Re: Nigeria Jokes Update With Ofego by njuwo(m): 2:00am On Oct 07, 2015
When I was in secondary school a woman brought her daughter to our house to complain about me. ''Your son told my daughter to kiss him in front of the whole class!''. She said. ''Ofego, why did you tell her to kiss you in front of the whole class? You could have told her to kiss you privately na.'' My dad said. The woman said, ''No! no! no! He shouldn't have asked for a kiss from her.'' ''Yes my son, you shouldn't have asked for a kiss. She is meant to give you the kiss!''. My dad expressed. ''No! You are not getting me. I mean to say it's wrong for your son to ask my daughter for a kiss!''. The woman said. My dad said, ''That's right Ofego my son! Why ask her daughter to kiss you, when you could just kiss her!''. The woman angrily left with her daughter.

1 Like

Re: Nigeria Jokes Update With Ofego by njuwo(m): 5:08am On Oct 08, 2015
A drunk neighbour of mine was coming from a bar (beer parlour). On his way, he met a barrister returning from bar (chamber). So he greeted him, "My learned colleague!". The barrister got angry and replied, "What Nonsense!''. A surprised him answered, "What do you mean by that? You are coming from a bar and I am coming from a bar, what is the difference? Bar is bar!''.
Re: Nigeria Jokes Update With Ofego by njuwo(m): 5:03am On Oct 09, 2015
When they are having a quarrel, screaming and yelling could be heard deep into the night.
His wife would shout, ''When I die, I will dig my way up, out of the grave and come back and haunt you for the rest of your life''. We the neighbours feared this woman and she liked the fact that she was feared. She later died of hypertension at the age of 54. After the burial, my neighbour went straight to the palm wine joint close to our compound and started to party, as if there was no tomorrow. We his neighbours, afraid for him, asked, ''Are you not afraid that she may indeed be able to dig her way up and out of the grave and come back to haunt you for the rest of your life?''. The man put his drink down and said, ''Let her dig. I had her buried upside down.''

1 Like

Re: Nigeria Jokes Update With Ofego by njuwo(m): 4:26am On Oct 10, 2015
Girlfriend: Hello oooo dearie!!!!

Ofego: Hi.

Girlfriend: What happened?

Ofego: Nothing.

Girlfriend: No, say na, what happened? You look unhappy.

Ofego: I will ask you something now and you have to tell me the truth. Will you?

Girlfriend: Okay, ask.

Ofego: Who is Joseph? He liked all your profile pictures and even your status updates on facebook. Who the hell is he?

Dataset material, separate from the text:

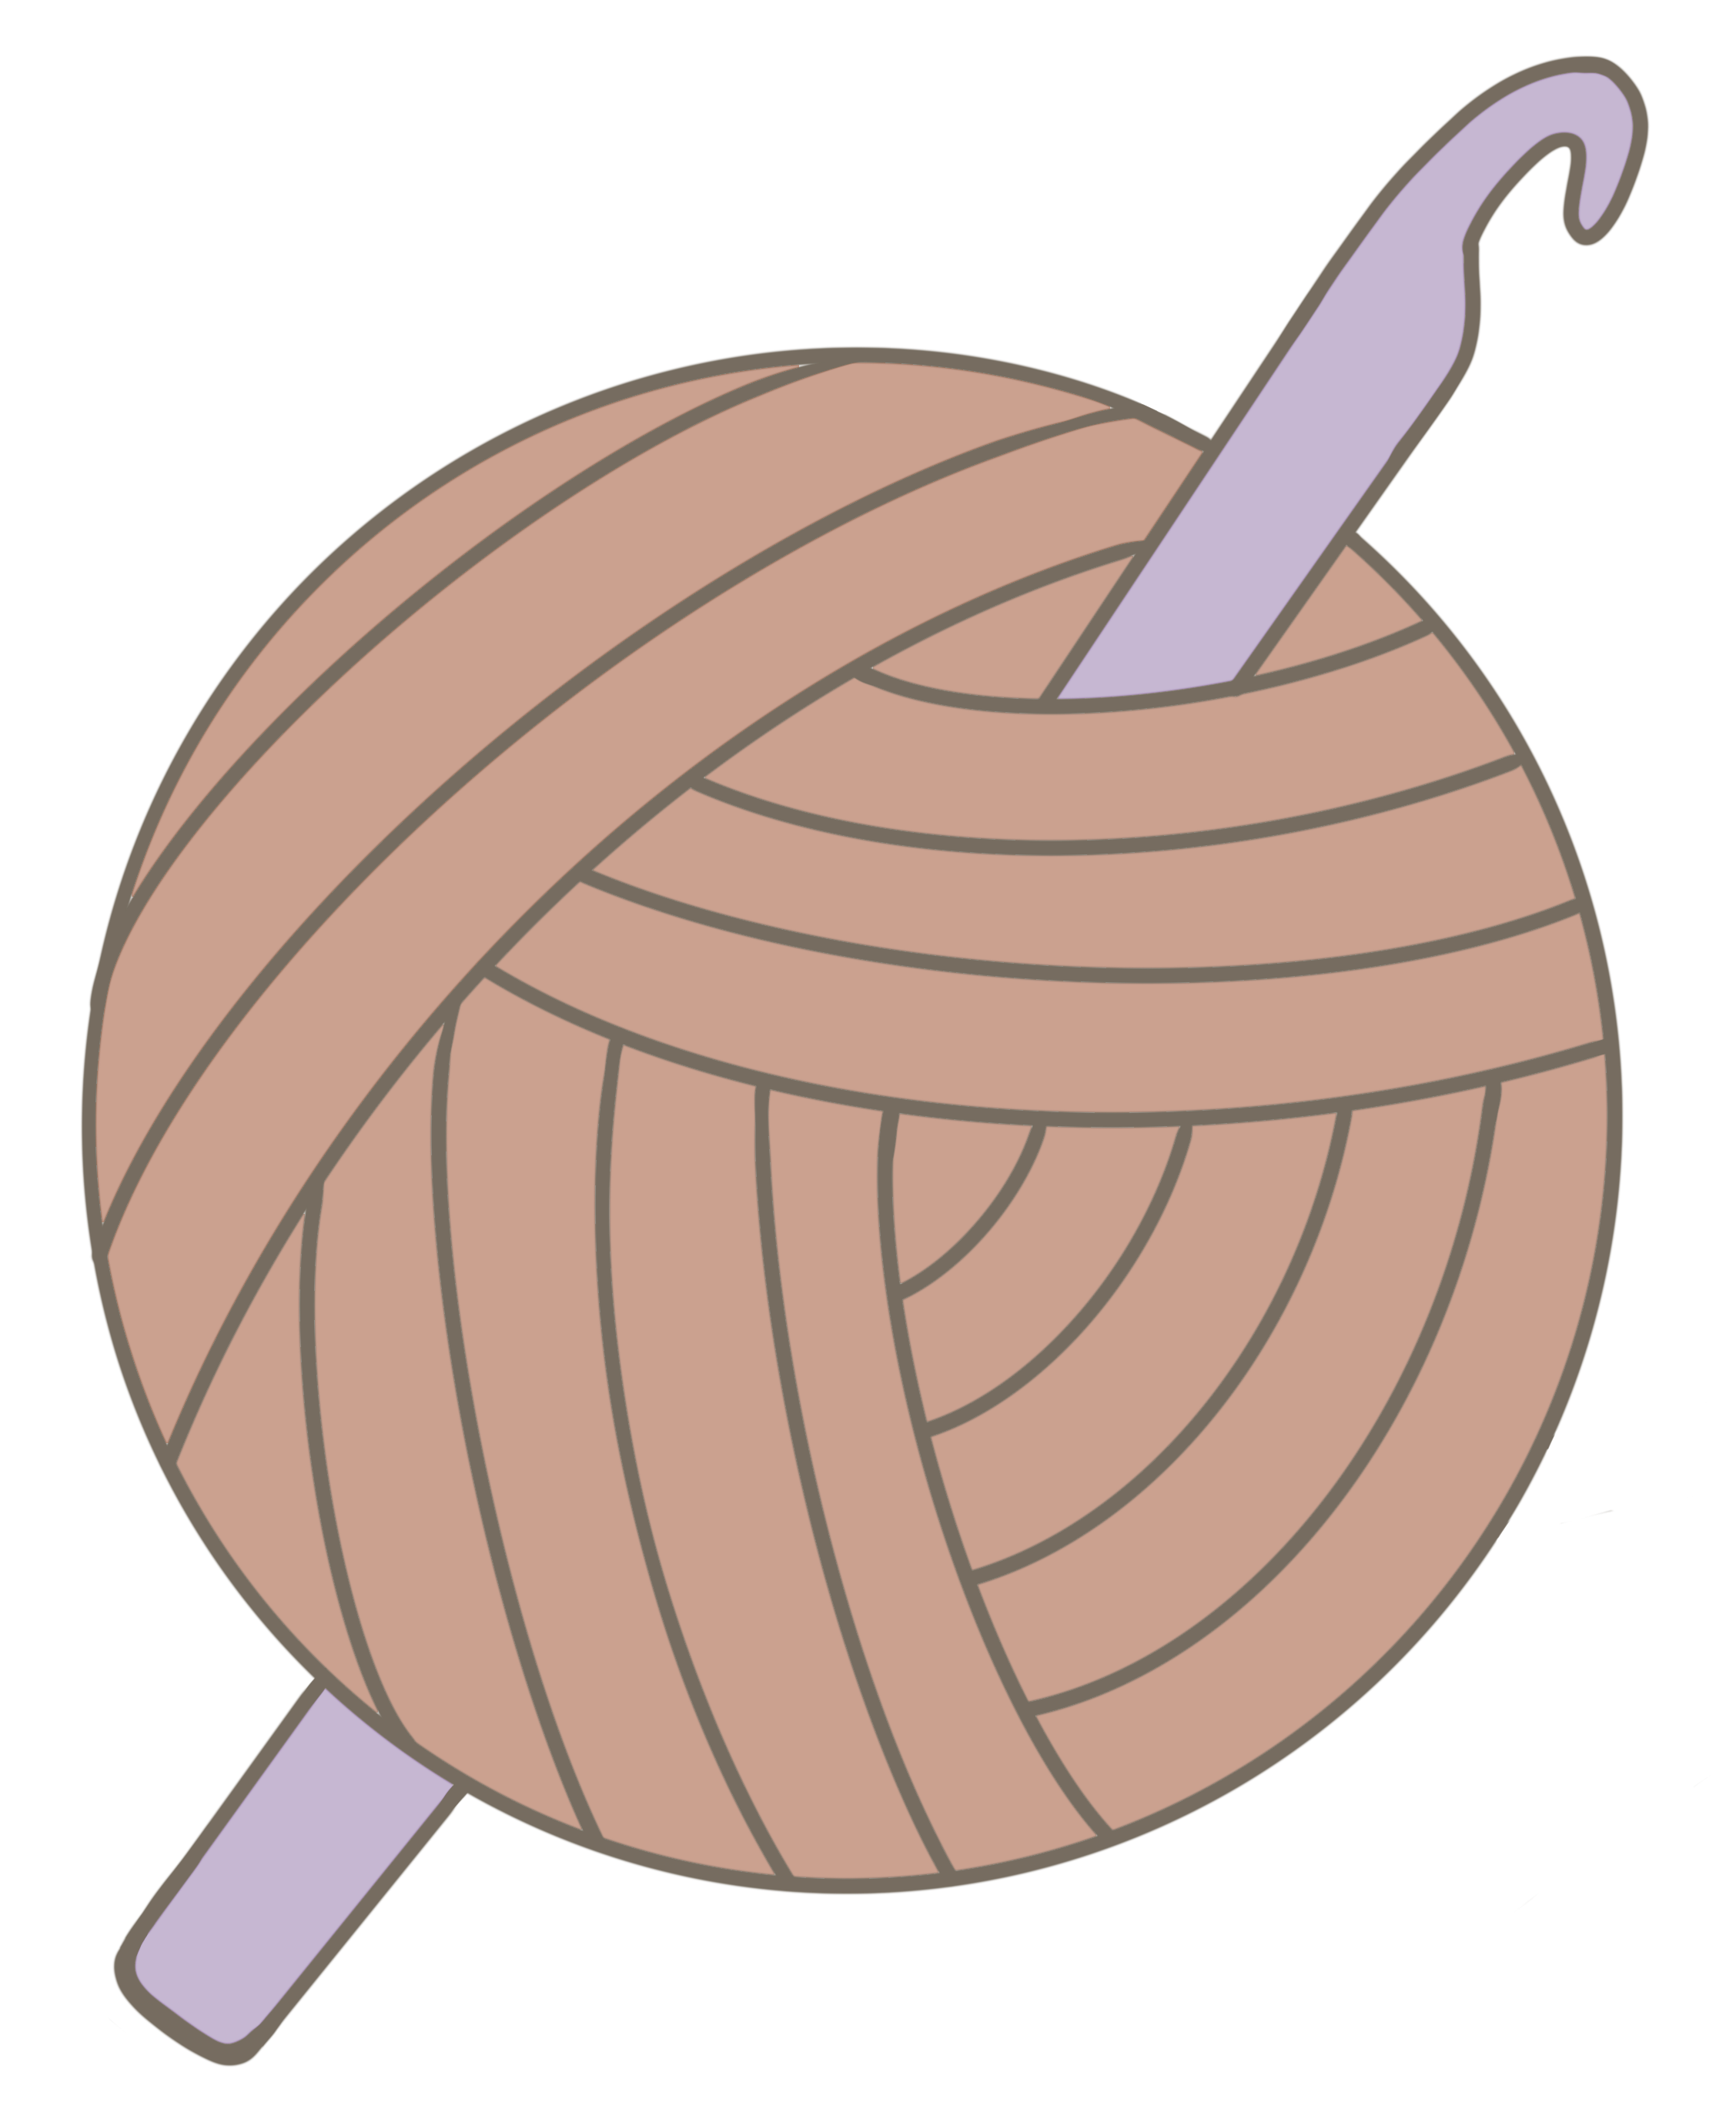 yarn ball and crochet hook illustration

Girlfriend: Please don't say anything about him.

Ofego: Is he your ex boyfriend? Are you still in love with him?

Girlfriend: Why would I love him. You are my only love.

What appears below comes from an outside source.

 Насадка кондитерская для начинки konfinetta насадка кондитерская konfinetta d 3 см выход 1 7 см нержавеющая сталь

Ofego: Then, is he your brother?

Girlfriend: No, no. Not like that.

Ofego: Then who the hell is he for Christ's sake?

Girlfriend: Shall we talk something else?

Ofego: So you are hiding something from me? You have that much close relationship with him. He's so much important to you, right?

Girlfriend: If I disclose the secret you will definitely scold me.

Ofego: I'm getting irritated now. Don't test my patience.

Girlfriend: Pleasssssseeee.

Ofego: If You don't tell me I will break up with you right now.

Girlfriend: Okay, I will tell you. But promise me that you won't scold me, okay?

Ofego: Okay.

Girlfriend: Ermmmm, that is my fake profile, if no one likes my pictures I like my pictures through that account and also post comments like beautiful, hot, sexy, nice one, etc.

2 Likes

Re: Nigeria Jokes Update With Ofego by njuwo(m): 7:11am On Oct 11, 2015
What Is A Kiss?

In Mathematics: A Kiss is the shortest distance between two Lips.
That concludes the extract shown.